# Data for review:

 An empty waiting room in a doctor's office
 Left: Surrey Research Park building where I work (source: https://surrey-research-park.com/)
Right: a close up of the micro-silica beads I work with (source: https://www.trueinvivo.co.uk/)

...

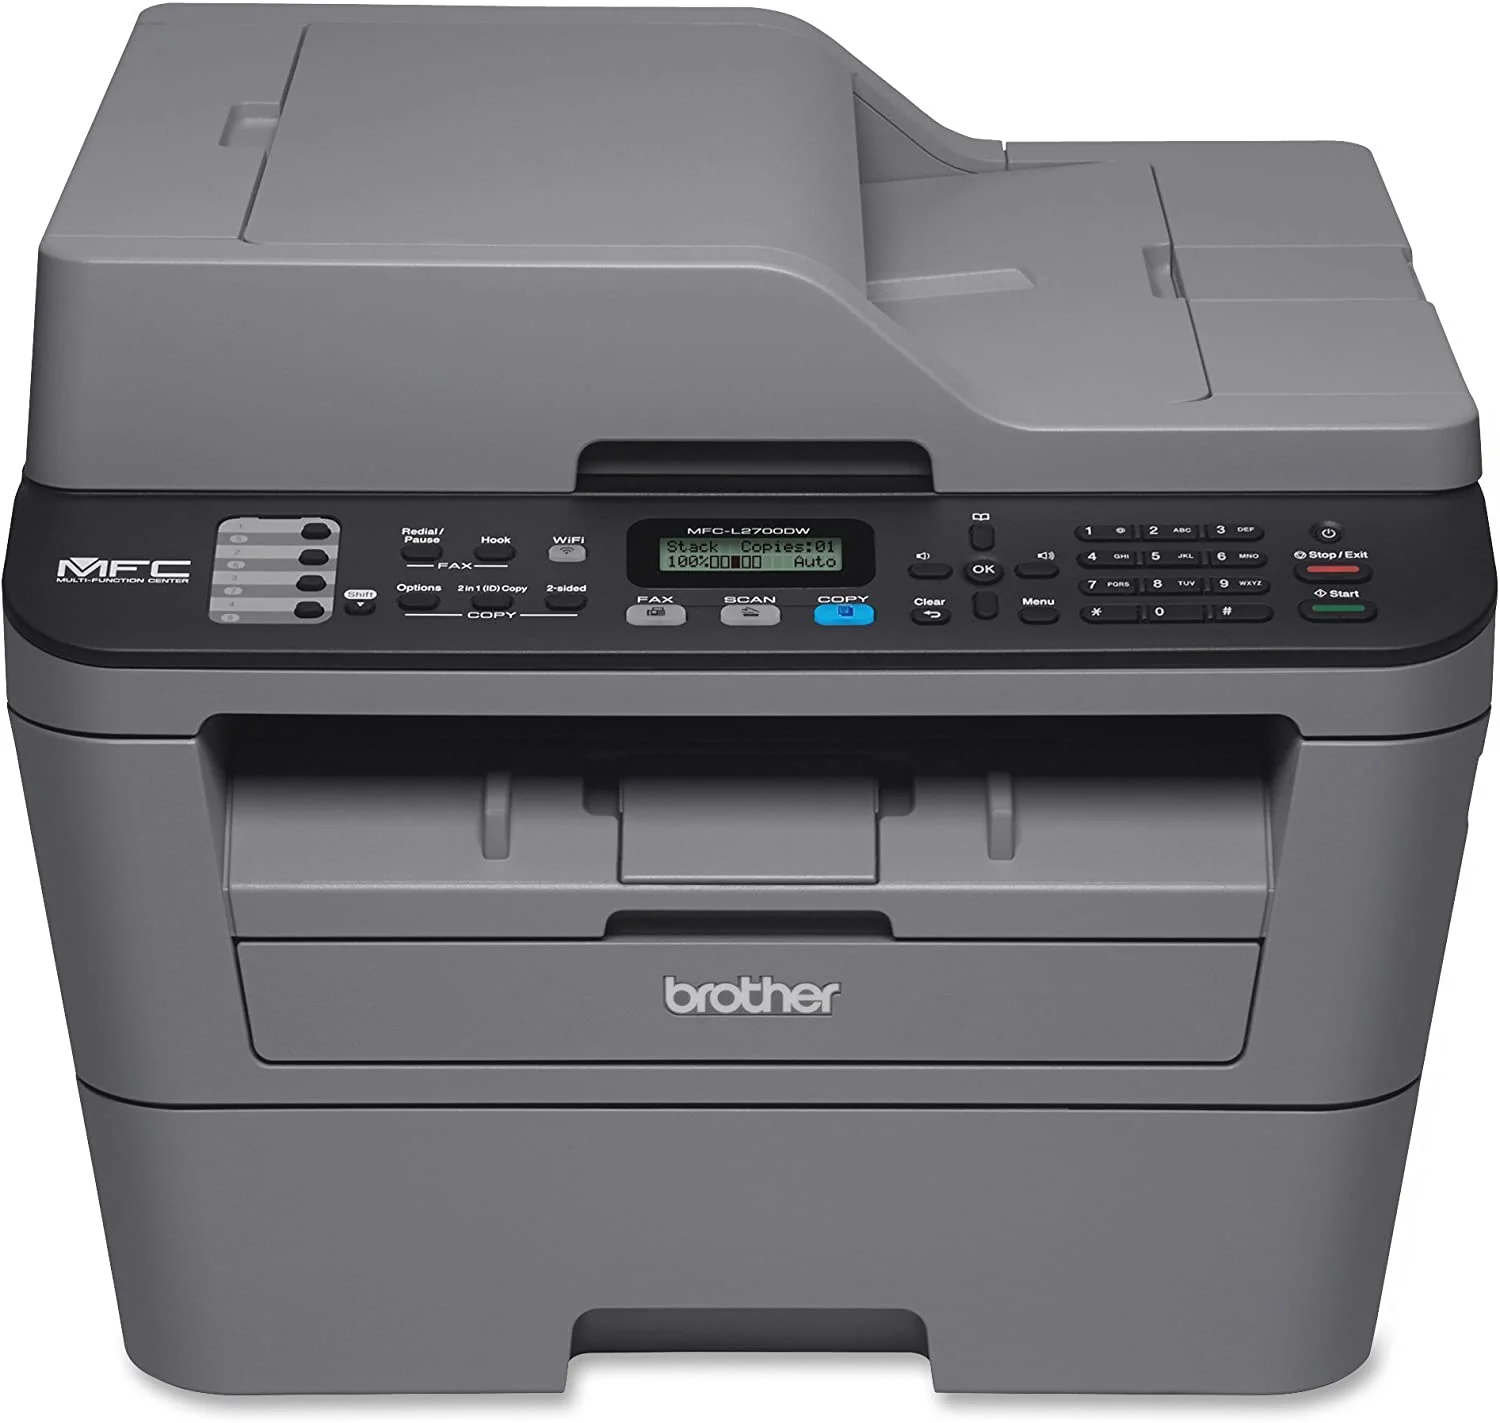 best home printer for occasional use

---

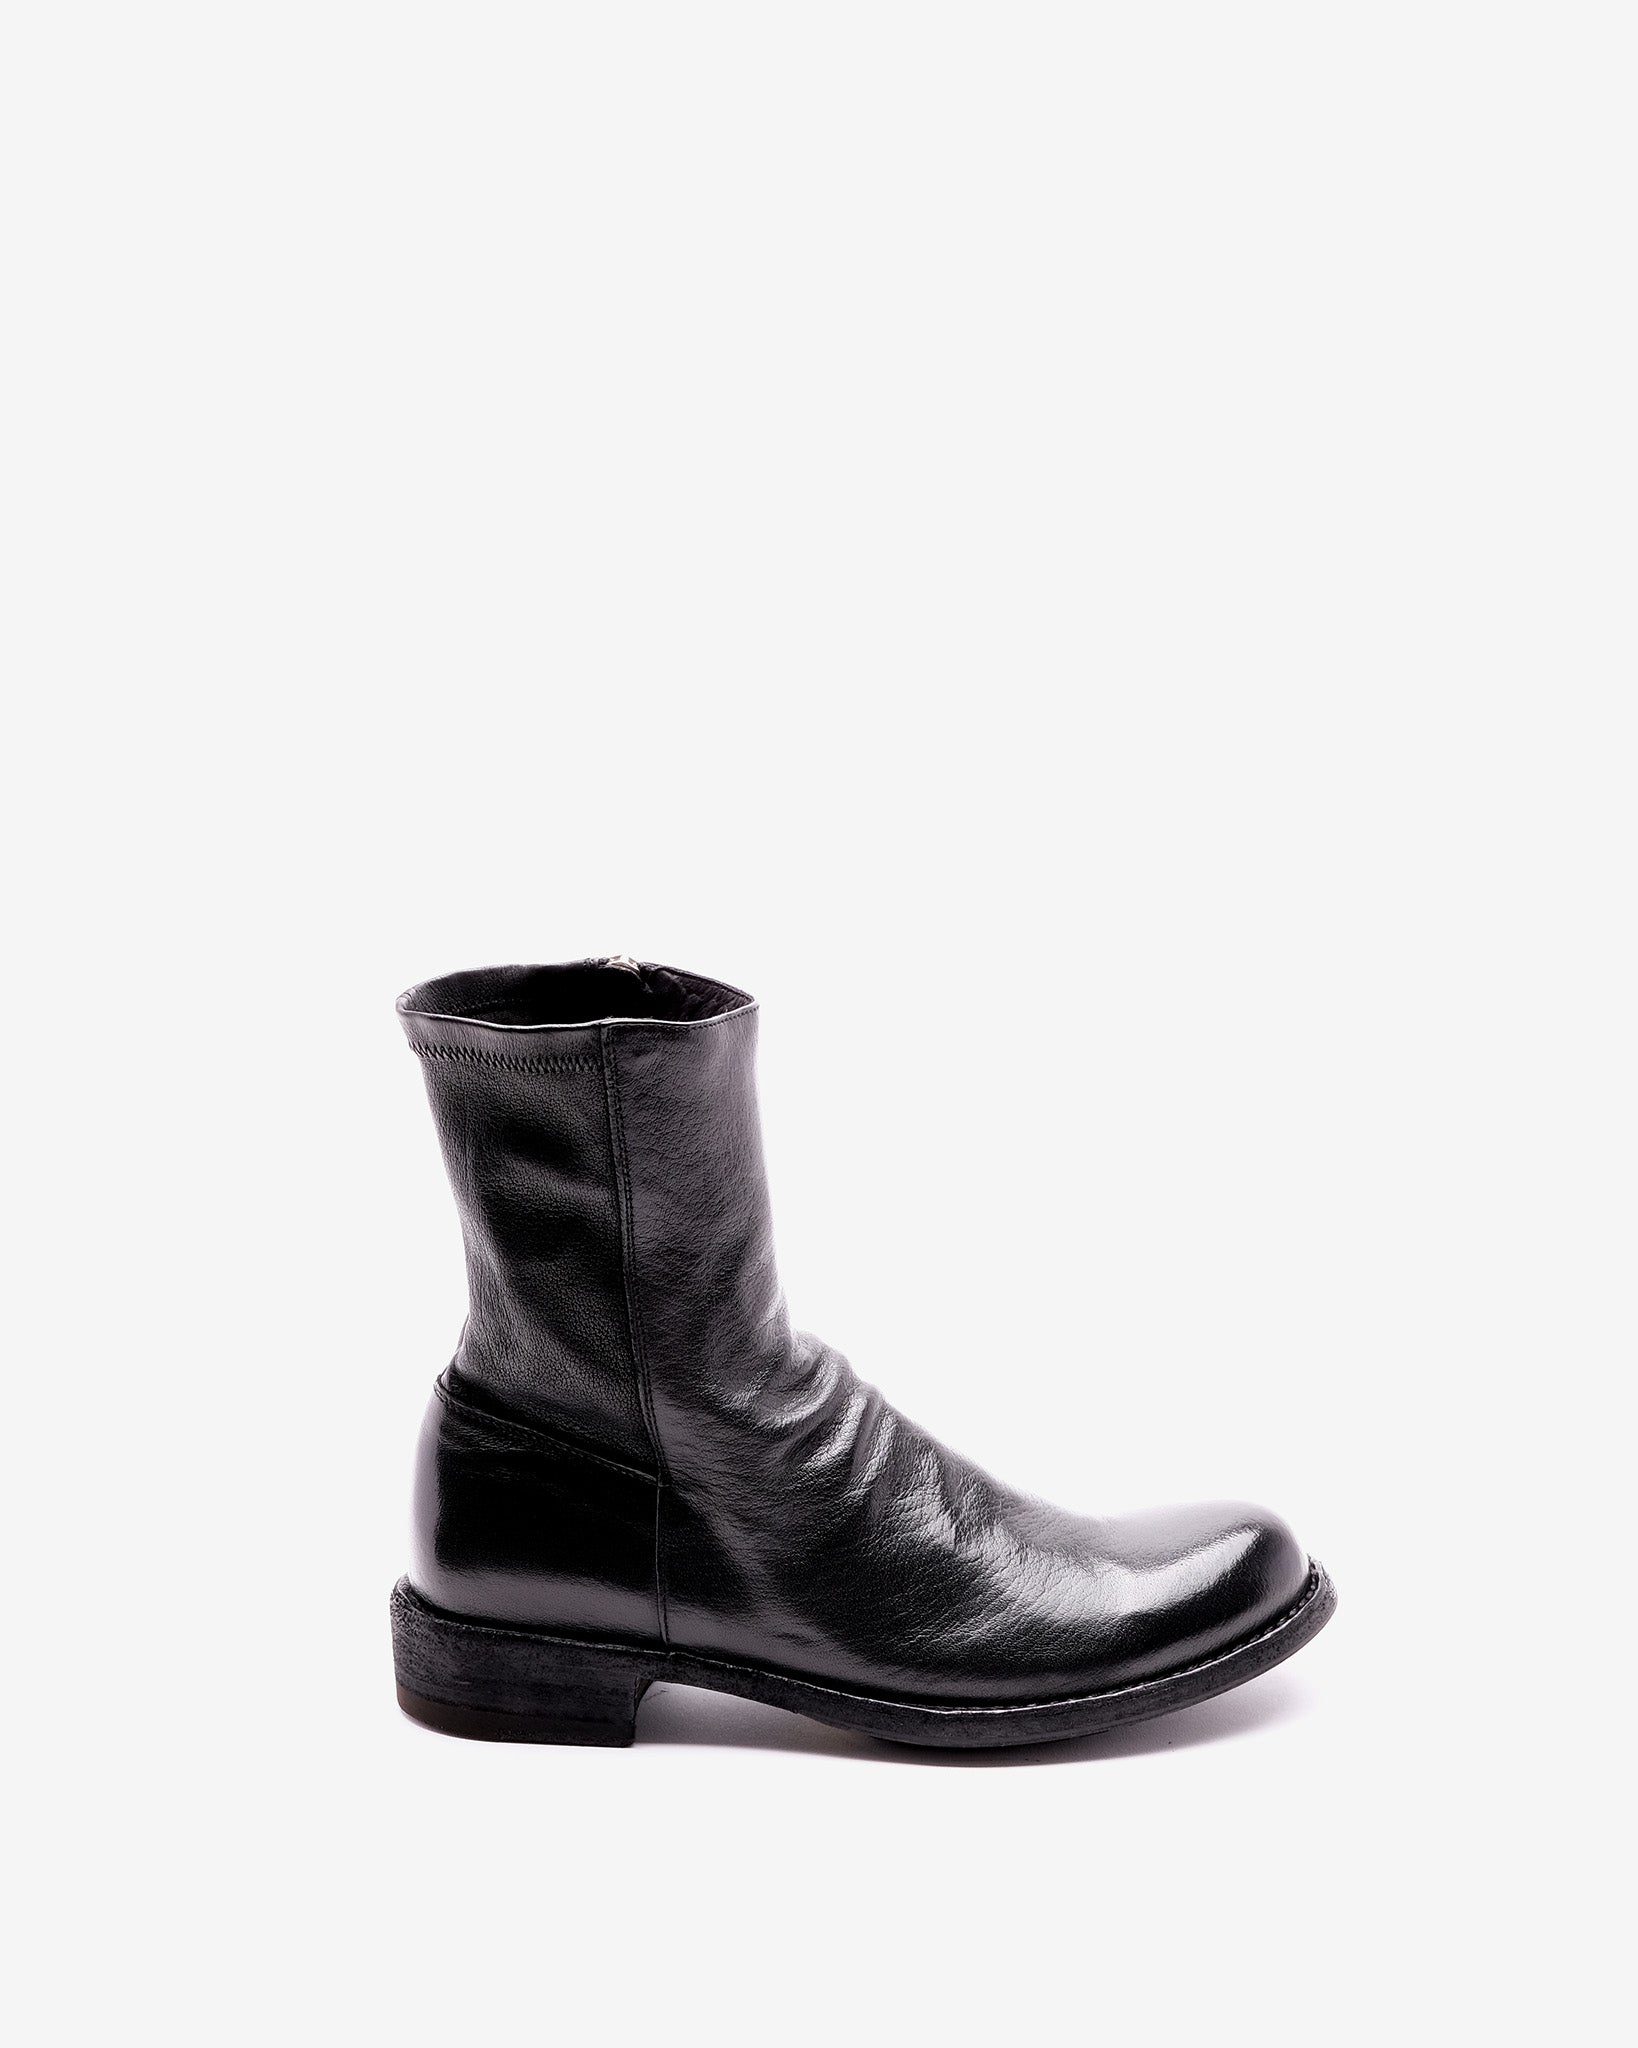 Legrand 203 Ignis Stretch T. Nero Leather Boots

# Instructions to follow:
Your task for the entries above: copy exactly the span starting with the line with "Left: Surrey Research" and going on through the line with "Right: a close", both lines included, and nothing else.

# Output of the exercise:
 Left: Surrey Research Park building where I work (source: https://surrey-research-park.com/)
Right: a close up of the micro-silica beads I work with (source: https://www.trueinvivo.co.uk/)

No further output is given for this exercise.